I just wanted to state that first. I was reading an article on Slate by Emily Yoffee (Dear Prudence). The main gist of it is that women shouldn't drink so much in college because it puts them at increased risk of sexual assault.
That seems like a fine idea to me. But apparently it set off a shitstorm because Jezebel ran an article called How To Write About Rape Prevention Without Sounding Like An Asshole and I found several other articles describing how Dear Prudence was telling women they hadn't been raped when they had been, among other things:
Feministing Jan 7, 2013
Feministing Oct 16, 2013
Almost Diamonds Feb 2, 2012
After reading some of the articles attacking Emily Yoffe I was incensed! Now, I have no problem with drinking. But I do think that when young women go out and get smashed, they put themselves at risk for being assaulted. They look like easy pickings to a rapist. But for some reason, Yoffe is a horrible person for not mentioning other reasons for rape or even mentioning the rapists themselves!

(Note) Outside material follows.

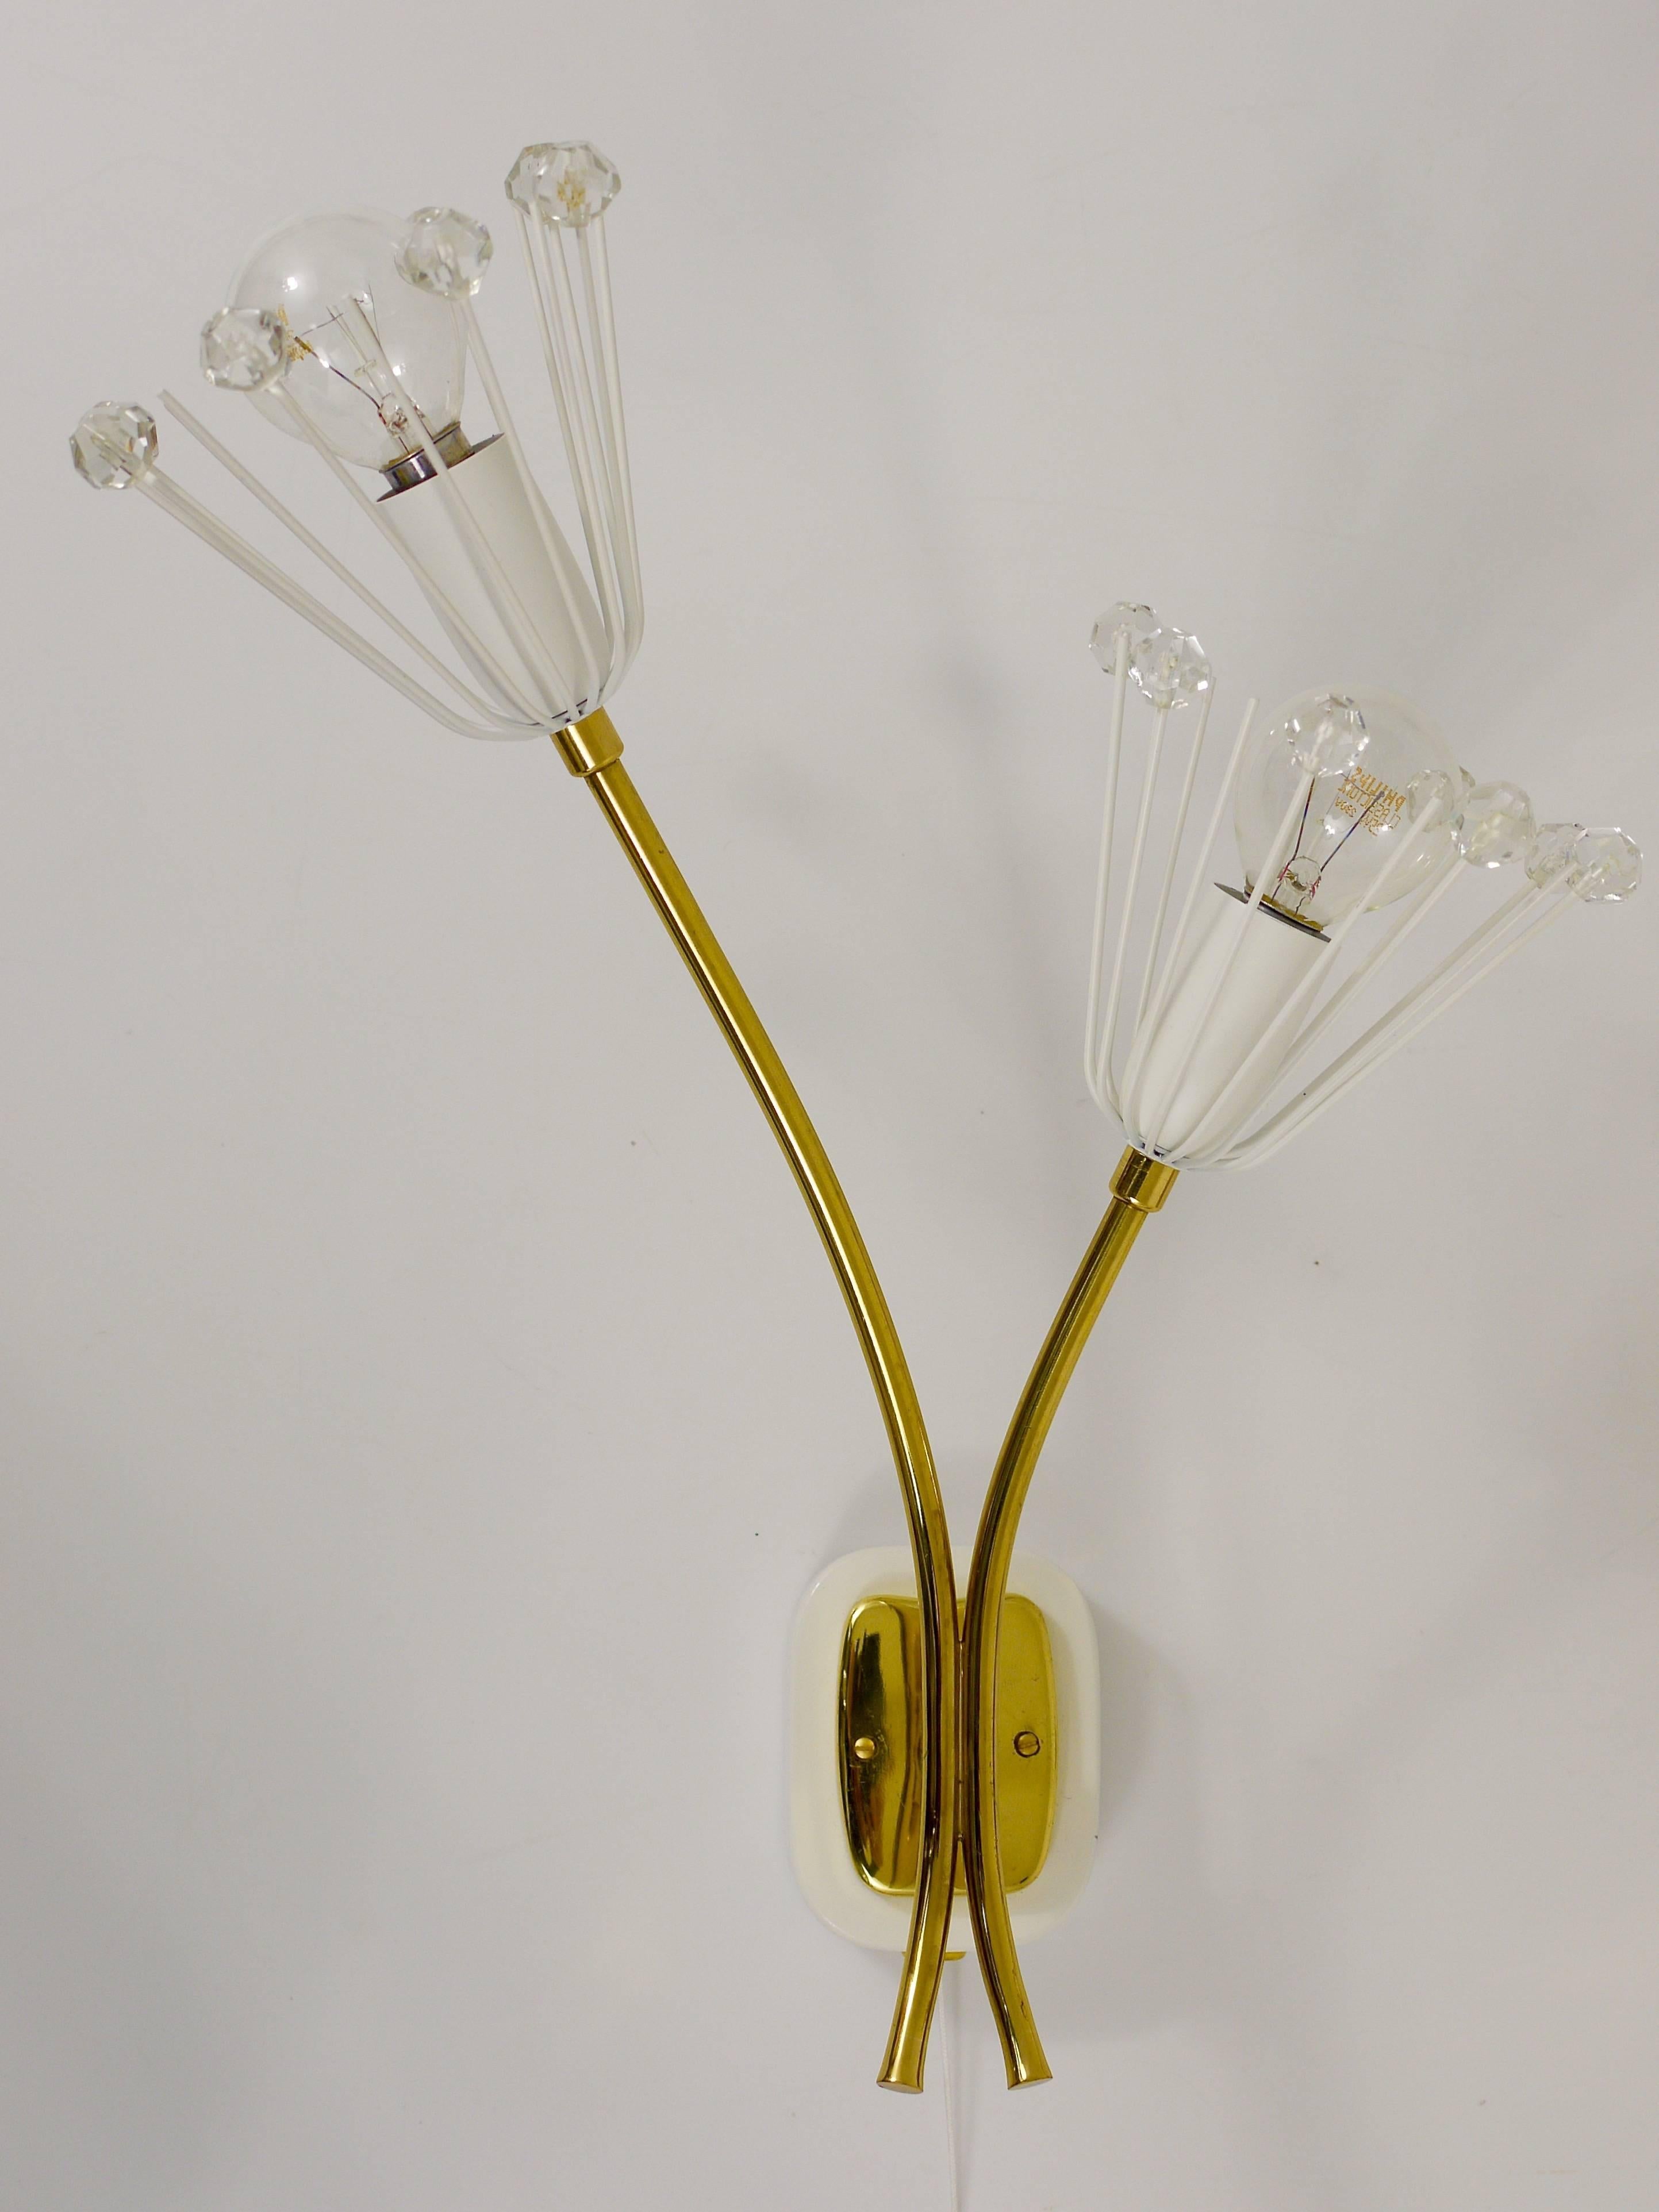 Jusqu'à 3 paires identiques d'appliques autrichiennes en laiton fleuri avec deux bras et cristaux de verre et interrupteurs intégrés. Conçu par Emil Stejnar, exécuté par Rupert Nikoll dans les années 1950. Restaurés et recâblés par des

If I walked down a dark street in the bad part of town waving $100 bills around, you'd tell me I was a fucking idiot. Well, I'm telling you if you want to get blackout drunk, do it in your own apartment with your girlfriends! Don't be a fucking idiot!
No - it is not your fault if you get raped. That's the rapist's fault. But there are ways you can minimize your chances of getting raped. And there are actions you can do that will increase your chances of getting raped. In a perfect world, you could walk naked down the street, drunk off your ass, and someone would make sure you got home okay. But we don't live in that world. So stop thinking that we do!
Another point I'd like to address is drunken sex. If you get wasted and wake up in bed with someone the next morning, is that rape? I know some people who will say yes. But for me, it depends upon the circumstances.
The main consensus is that a drunk woman can't consent to sex, so it's rape. Mostly, I agree with that. For example, if you're drunk and some guy comes up and he's not drunk, and you have sex, it's probably rape. [I'll ignore issues of sex with your boyfriend while drunk, etc.] But what if you just broke up with your boyfriend and you were coming on to him and willingly went with him? Technically, many people will say it was still rape, because you could not consent while drunk.
What bothers me the most is when the woman and man are both drunk. You wake up next to some guy. Is it rape? Many people will still say it was rape, because you were too drunk to consent. But what if he was also too drunk too consent? Then what? Is it still rape, because you're the woman? That doesn't seem fair, and certainly not feminist.
What I'm trying to say, while not blaming the victim, is don't be a fucking idiot! If you get wasted out in public, there are men who will take advantage of you. It's not right, but it happens.
And yes, there are plenty of rapes that happen where no alcohol whatsoever is involved. But that's a different article than the one I'm discussing.
When I was in college, I never heard one word about drinking too much making me less safe. So I was happy to see the Yoffe article. If you get wasted and drive - you are held responsible for your actions by the police. So try to remember your responsibility to yourself! Keep yourself safe, don't depend on drunken friends or strangers to do it for you.